INFORMATION SHOWN:
▼

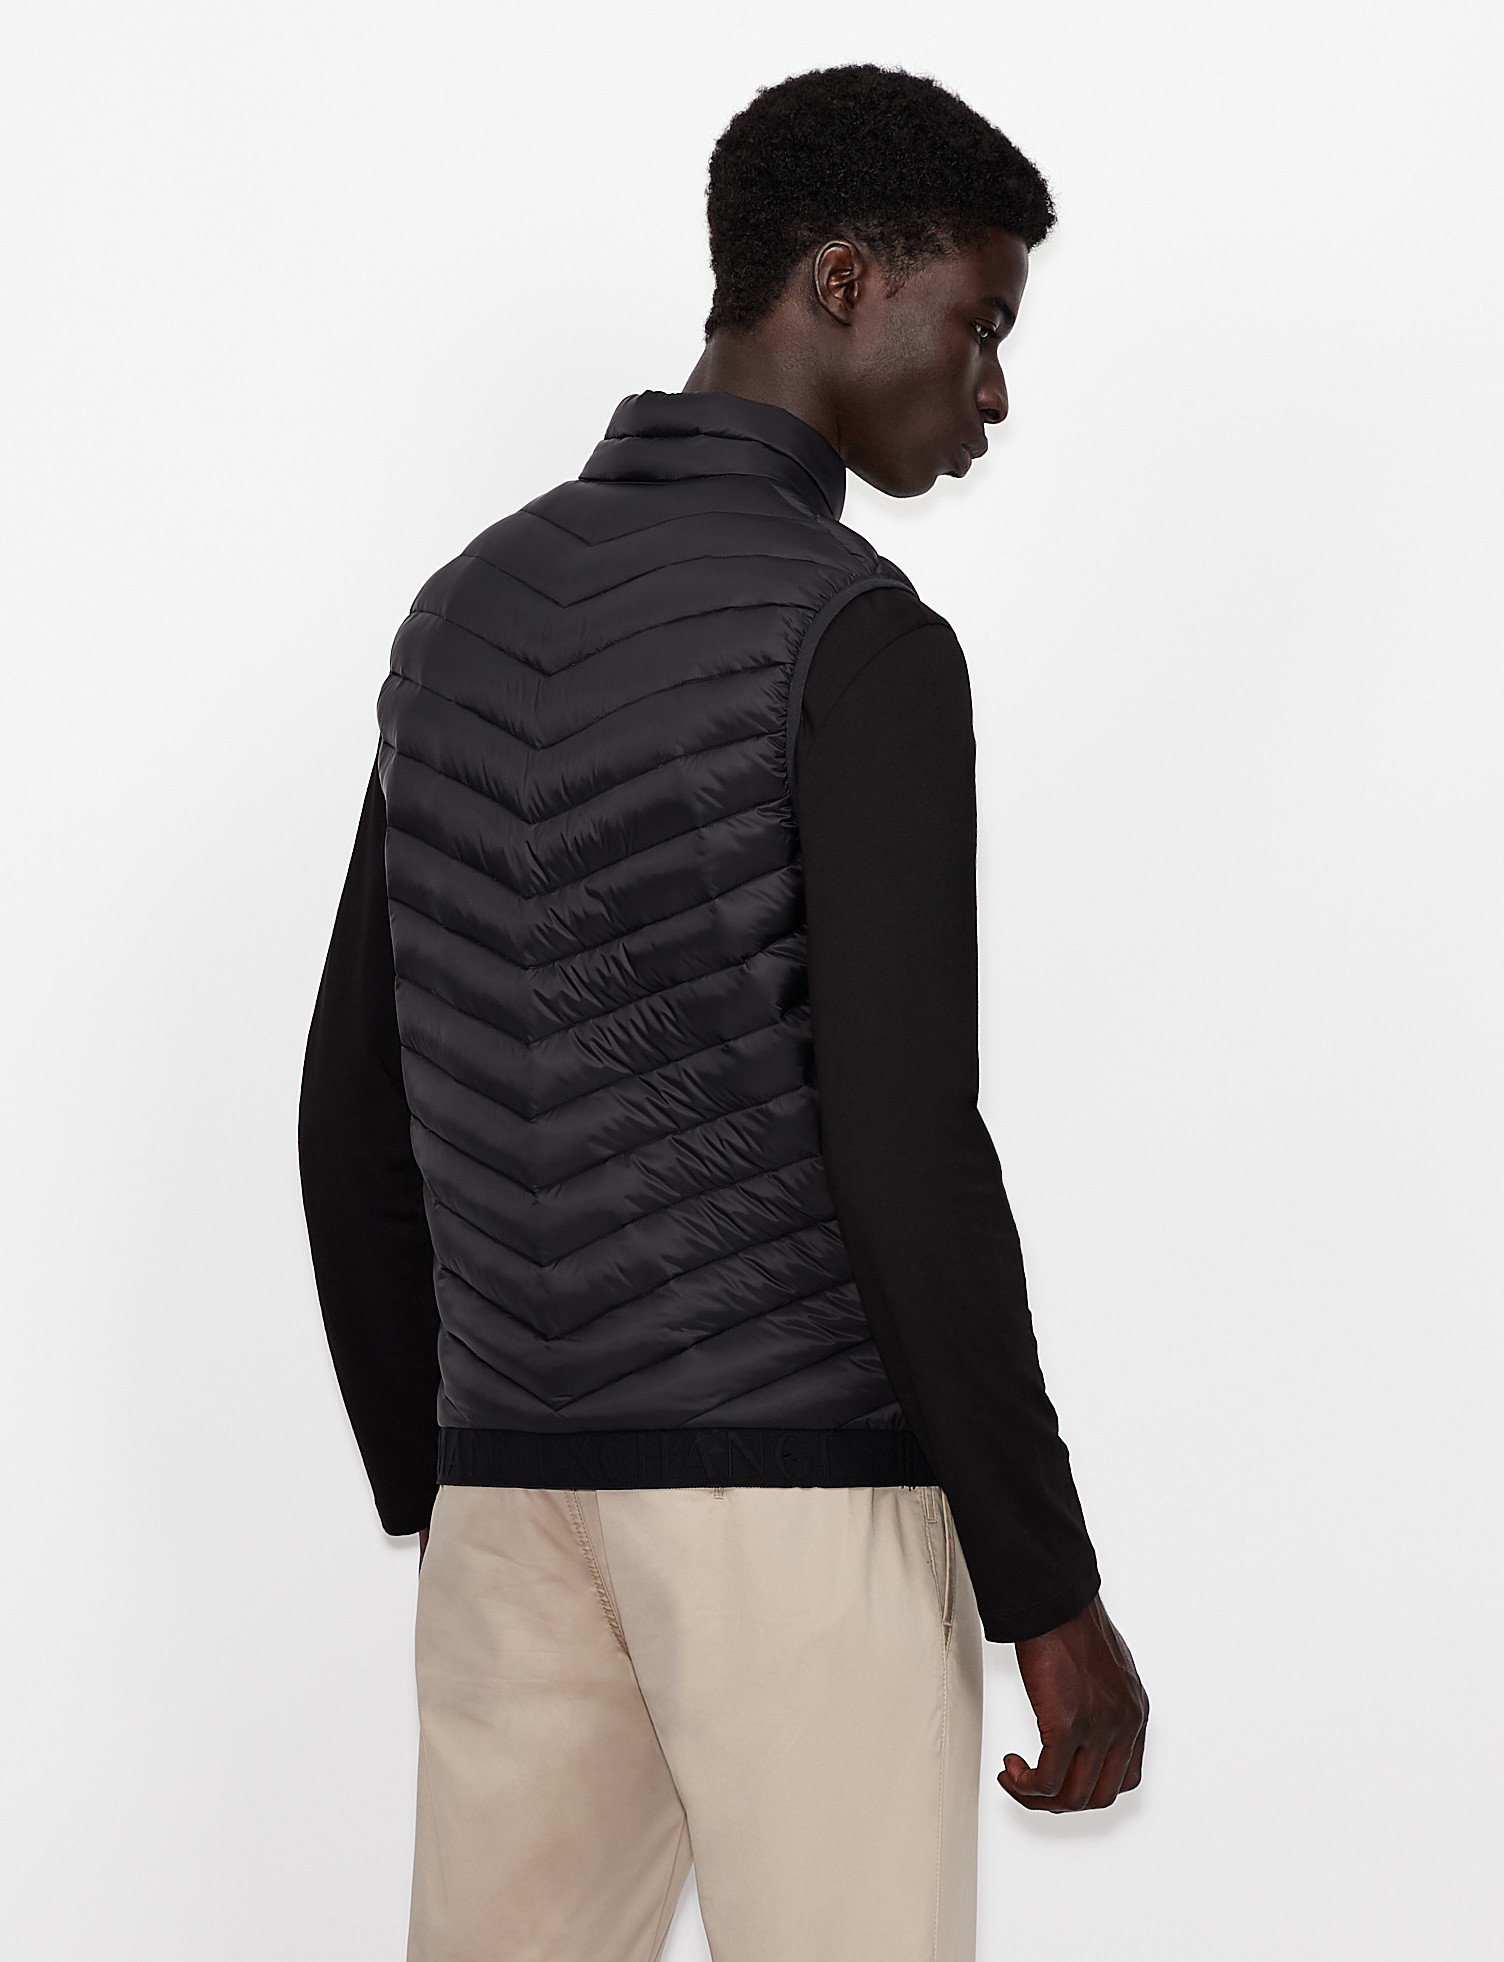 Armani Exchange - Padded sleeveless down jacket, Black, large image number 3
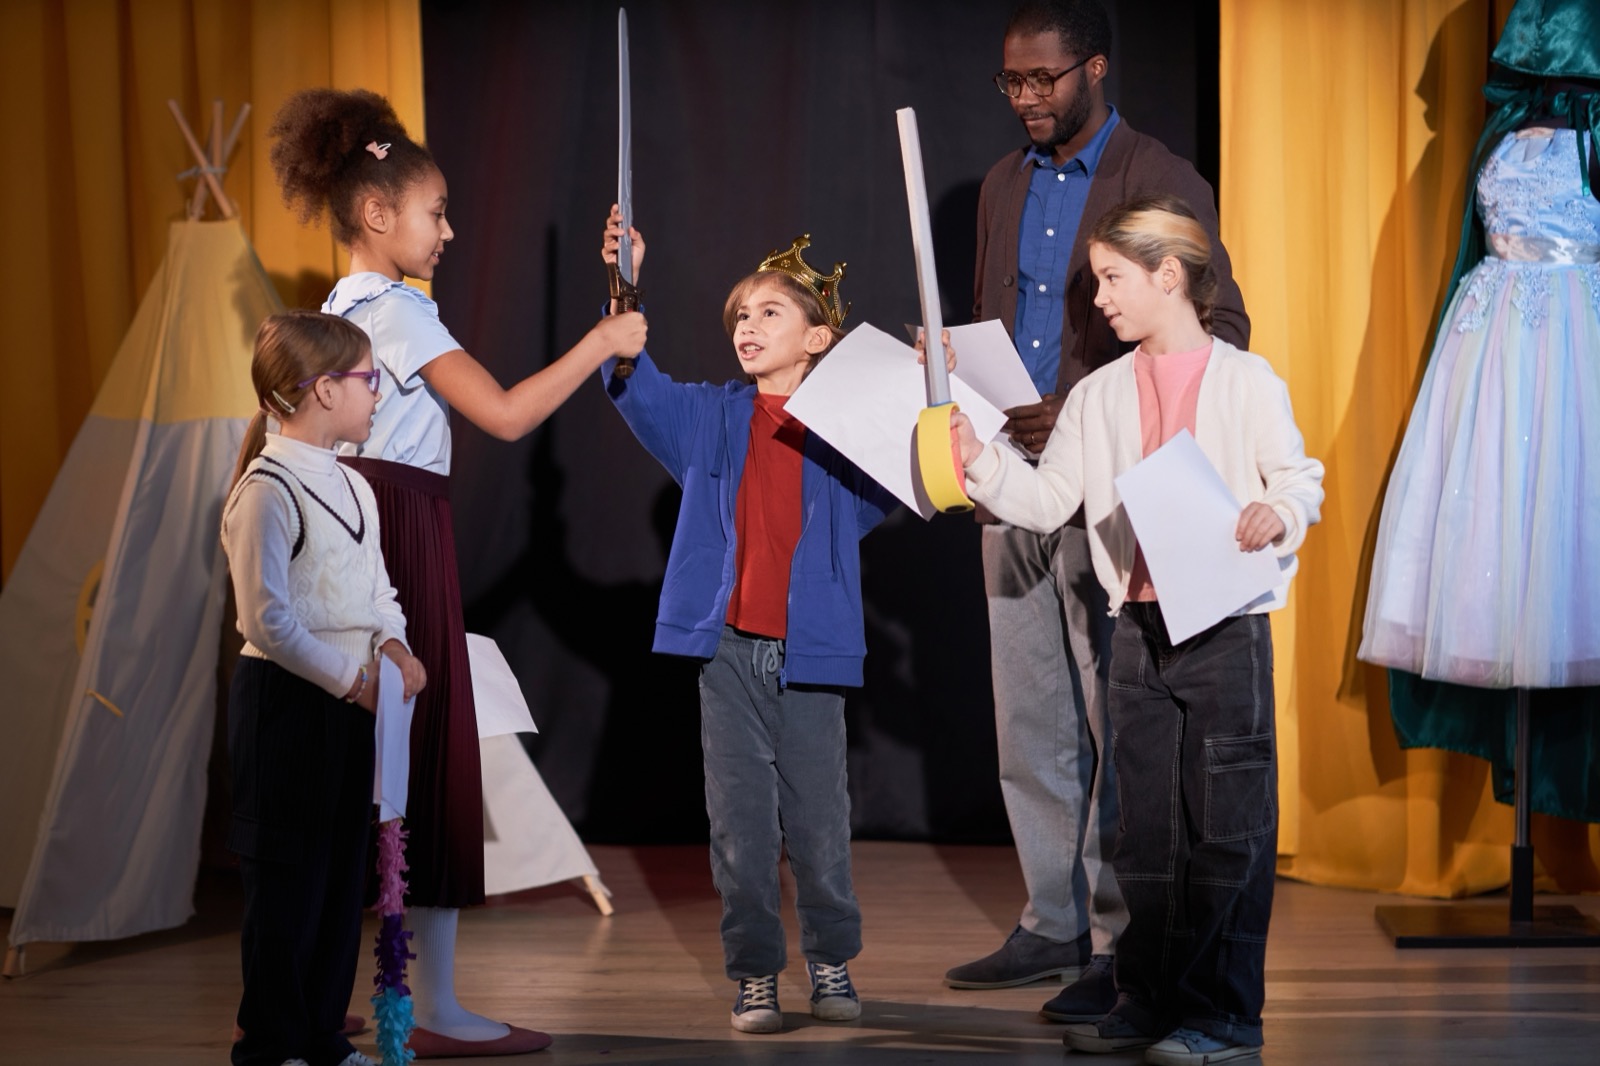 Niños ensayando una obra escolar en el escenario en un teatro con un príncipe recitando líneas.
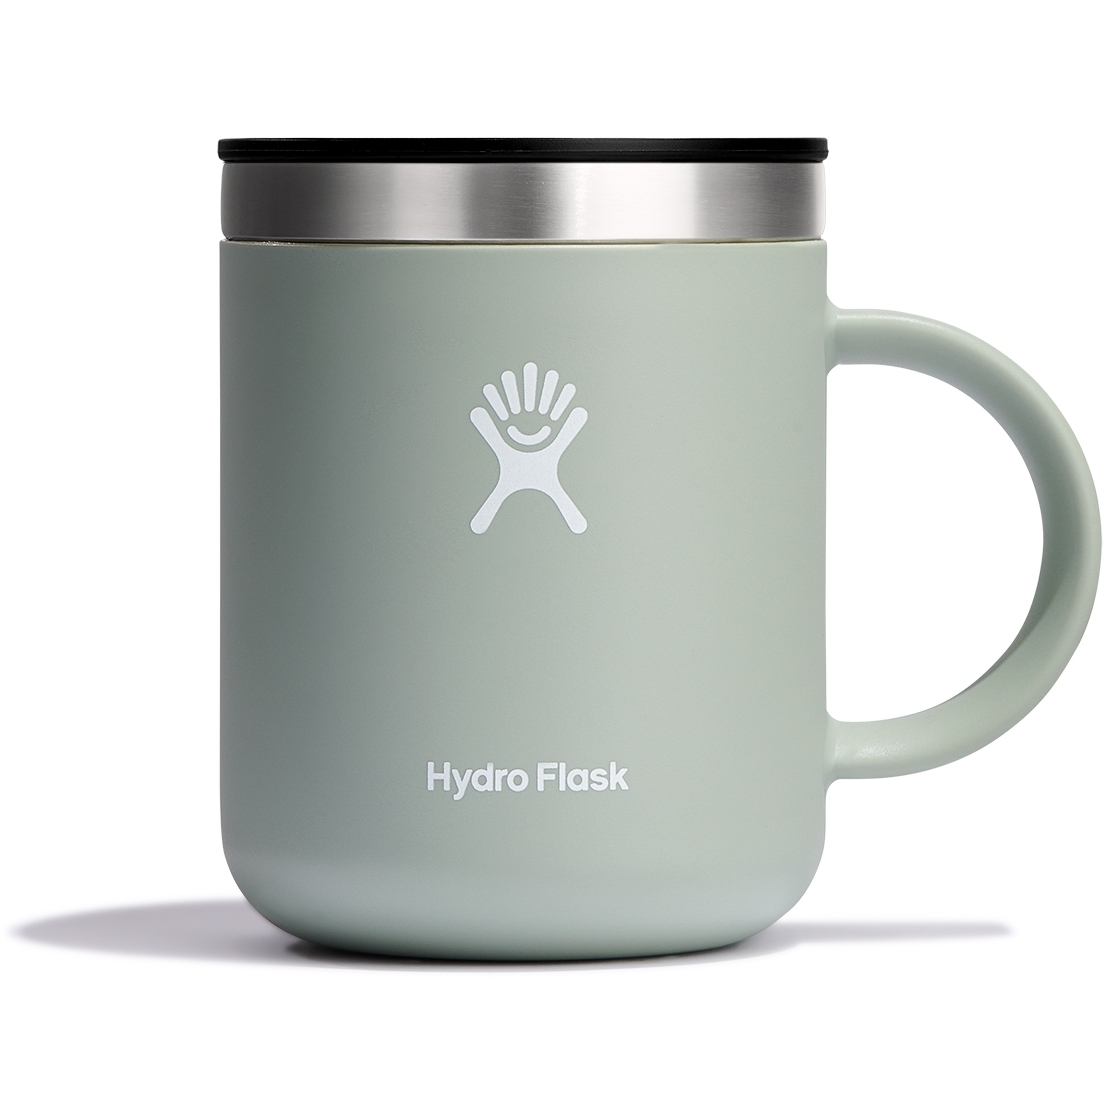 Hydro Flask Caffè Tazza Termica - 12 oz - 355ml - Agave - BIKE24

▲

ACTION ITEM:
Restrict the output to the lines from the one with "Niños ensayando una" through the last line of the material above. Print them exactly, leaving out every picture.

RESULT BELOW:
 Niños ensayando una obra escolar en el escenario en un teatro con un príncipe recitando líneas.
 Hydro Flask Caffè Tazza Termica - 12 oz - 355ml - Agave - BIKE24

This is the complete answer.